Azerbaijani young talent: From computer science to AI

Comparative Analysis of Machine Learning Algorithms for Sentiment Analysis of Text in Azerbaijani and English.

 Stories Matter (photo credit: PEXELS)
Stories Matter
(photo credit: PEXELS)

Introduction

We are pleased to present Mehdi Rasul, a talented teenager excelling in his 11th-grade studies within the A-Level program at LANDAU School in Azerbaijan. Since a young age, he has been interested in Artificial Intelligence and Machine Learning, especially in Natural Language Processing and deep learning technologies. Over the years, Mehdi has become proficient in programming languages such as Python, Numpy, and Javascript. His exceptional academic performance is a testament to his unwavering quest for knowledge.
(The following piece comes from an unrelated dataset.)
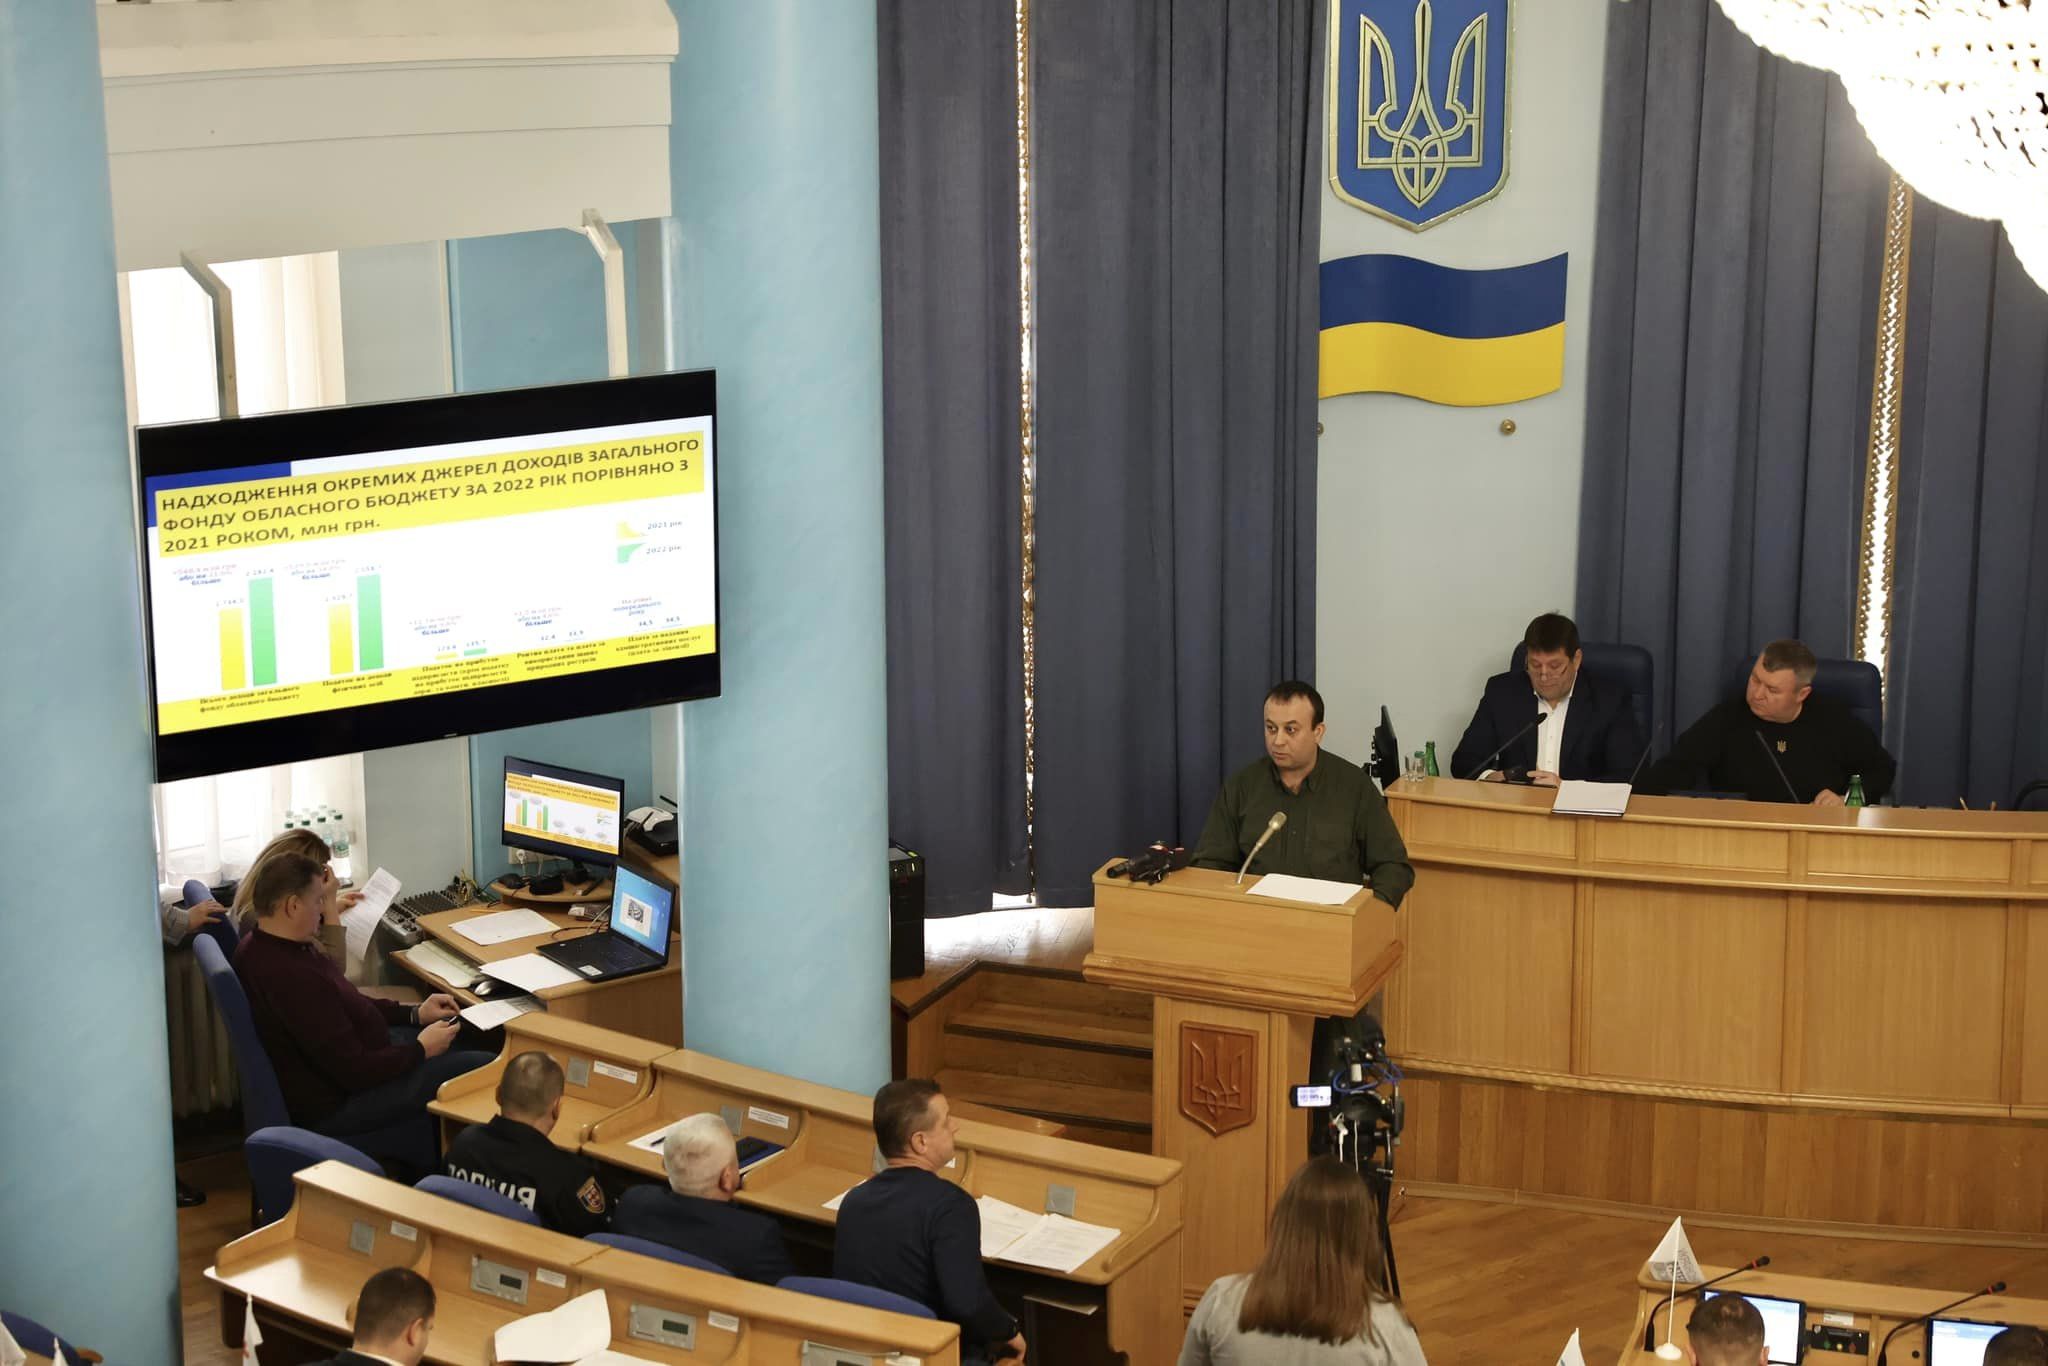 Сергій Борзов презентував звіт про роботу обласної військової адміністрації за ІІ півріччя 2022 року та І півріччя 2023-го

Beyond the classroom, Mehdi's accomplishments extend to a diverse range of extracurricular activities, including community service, internships in various AI-related projects, active participation in MUN conferences, membership in the school newsletter, the completion of the IT Essentials program at Cisco Networking Academy, etc. In 2021 and 2022, Mr. Rasul won the competitions hosted by the "CyberMath Academy" and in 2022, he made a notable appearance in the American Mathematics Olympiad. Mehdi's research project has already been featured on different platforms and published in esteemed scientific journals in both Azerbaijan and Switzerland. His research delves into the comparison of diverse machine learning algorithms for sentiment analysis in both Azerbaijani and English texts. The study's findings underscore the pivotal role of national language corpora in achieving precise outcomes in natural language processing, particularly in sentiment analysis.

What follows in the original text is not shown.